62nd Secretary of State of Kentucky
- In office January 7, 1924 – January 2, 1928
- Governor: William J. Fields Flem D. Sampson
- Preceded by: Fred A. Vaughn
- Succeeded by: Ella Lewis

Personal details
- Born: September 28, 1865 Simpson County, Kentucky
- Died: July 19, 1952 (aged 86) Frankfort, Kentucky
- Spouse: William F. Cromwell
- Children: William Foree
- Parent(s): Benjamin Ashley (or Ashley Duncan) Guy and Alice (Quisenberry) Guy
- Education: University of Michigan
- Occupation: state librarian and director of archives, state bond commissioner, parks director, state treasurer

= Emma Guy Cromwell =

American politician

Emma Guy Cromwell (September 28, 1865 - July 19, 1952) was a suffragist, women's rights activist, and early female Democratic Party politician from Kentucky in the United States. Cromwell became the first woman to hold a statewide office in Kentucky when she was elected state librarian in 1896 by a vote of the Kentucky Senate. Later she won elections for the position of Secretary of State and Kentucky State Treasurer, and was appointed state park director, state bond commissioner, and State Librarian and Director of Archives.

==Early life and education==
Emma Guy, the daughter of Ashley and Alice (Quisenberry) Guy, was born on September 28, 1865, in Simpson County, Kentucky, and when her father died she spent most of her childhood in neighboring Allen County, Kentucky. She had one sister and two brothers.
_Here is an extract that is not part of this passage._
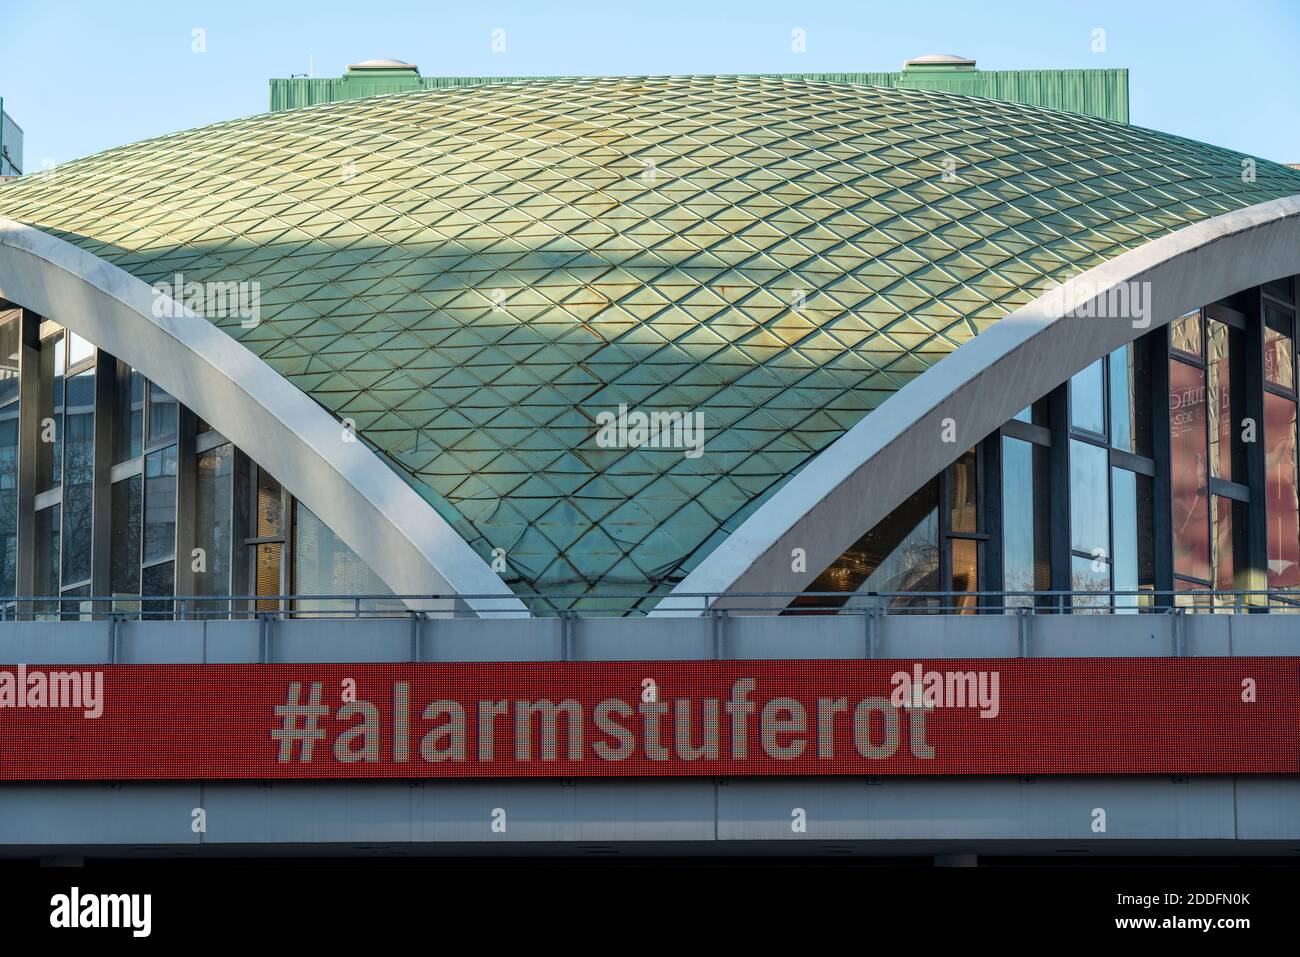 Geschlossenes Opernhaus, Aktion #alarmstuferot, wegen der Corona-Krise, während der zweiten Sperre, Dortmund, NRW, Deutschland Stockfoto

Emma attended Howard Female College at Gallatin in Sumner County, Tennessee. She returned to Scottsville, Kentucky to teach at Allen Male and Female College. Later she studied parliamentary law at the University of Michigan.

Emma married Frankfort, Kentucky, attorney William F. Cromwell on May 30, 1897, in a church ceremony in Bowling Green, Kentucky. William Cromwell was Chief Clerk of the prior State Legislative session. They had one son, William Foree Cromwell. Her husband died in 1909.

==Political career==
In 1896, Guy was appointed by the Kentucky General Assembly for the position of State Librarian making her the first female to hold a position in a Kentucky State Office. Given that the state librarian then could not serve successive terms, she took on new roles in public service: serving as the enrolling clerk (1916 to 1918) and parliamentarian of the Kentucky House of Representatives and getting elected to the Frankfort School Board. She also volunteered in women's clubs such as the Daughters of the American Revolution and the United Daughters of the Confederacy. She also served on the state Parent Teacher Association.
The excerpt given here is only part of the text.